Java bit masks encoding multiple integers of difference sizes

Question

I'm looking to store 4 unsigned values, one boolean (or int), two integers with a max of (and including) 64 and one integer which can store at least 100,000. into a single hash.

Using information I found here

I can encode and decode between 2 - 4 integer's with a max of 255 like so

static int encode(int a, int b, int c, int d) {
    return a & 0xff | (b << 8) | (c << 16) + (d << 24);
}

static int[] decode(int encoded) {
    return new int[] {
            encoded & 0xff,
            (encoded >> 8 & 0xff),
            (encoded >> 16 & 0xff),
            (encoded >> 24 & 0xff)
    };
}

And using information found here I can encode and decode two 32 bit integers.
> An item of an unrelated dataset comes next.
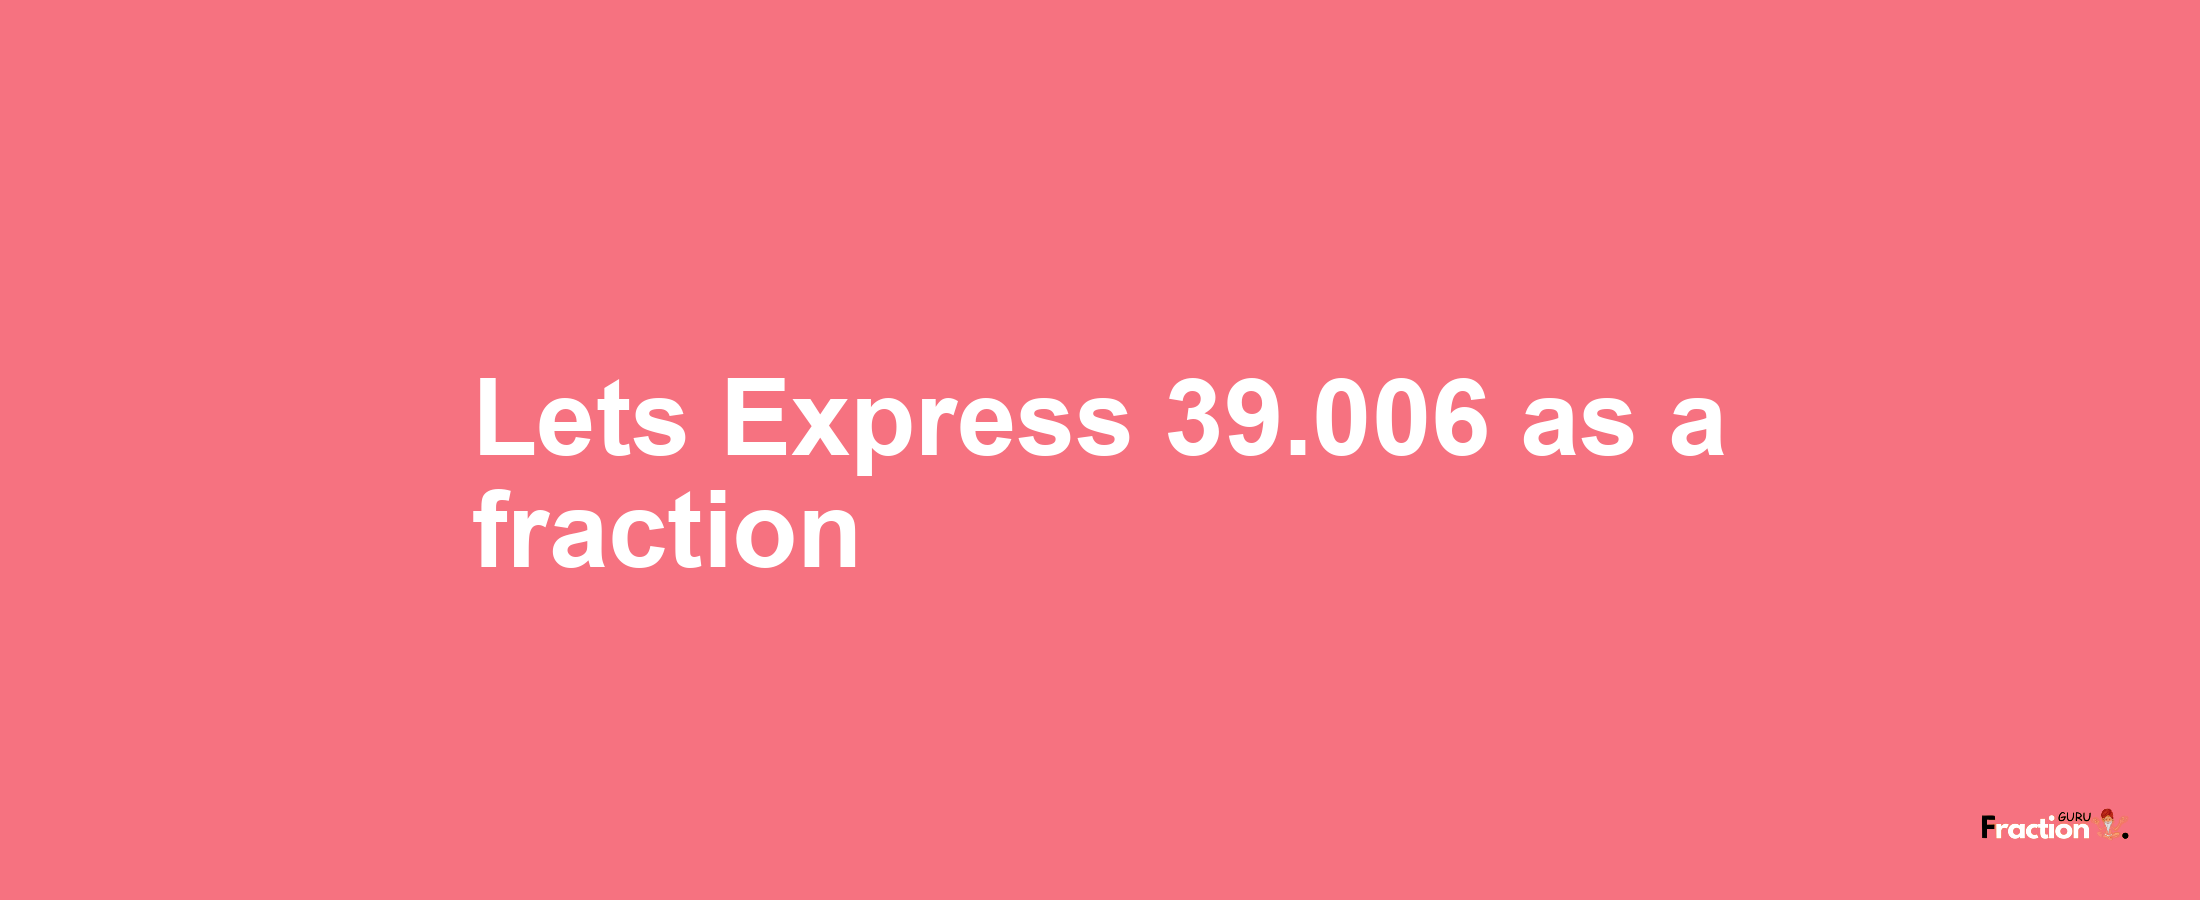 Lets Express 39.006 as afraction

long hash = (long) a << 32 | b & 0xFFFFFFFFL;
int aBack = (int) (hash >> 32);
int bBack = (int) hash;

I just don't understand bitwise operators well enough to figure out how to mix and match to store integers of different sizes.

How can I use bit masks to encode 4 integers of different sizes into one integer and back?

Answer 1

I would not call this a hash exactly since it's designed to be reversible, but it could be used as a hash.

Assign some positions to the parts, for example (I've made the middle parts 7 bits each now, since they apparently go up to and including 64):

• bit a (bit 0)
• uint7 b (bits 1 through 7)
• uint7 c (bits 8 through 14)
• the rest d (15 through 31)

I will assume all values are meant to be non-negative since it seemed like that what you meant (for example specifying only upper limits).

To encode, shift every field left by its offset and combine, for example:

int res = a | (b << 1) | (c << 8) | (d << 15);

To decode, shift right by the field offset and mask:

a = x & 1;
b = (x >> 1) & 0x7F;
c = (x >> 8) & 0x7F;
d = (x >> 15) & 0x1FFFF;

d has 17 bits available to it, which is just enough for its range. For high values of d, res would be negative.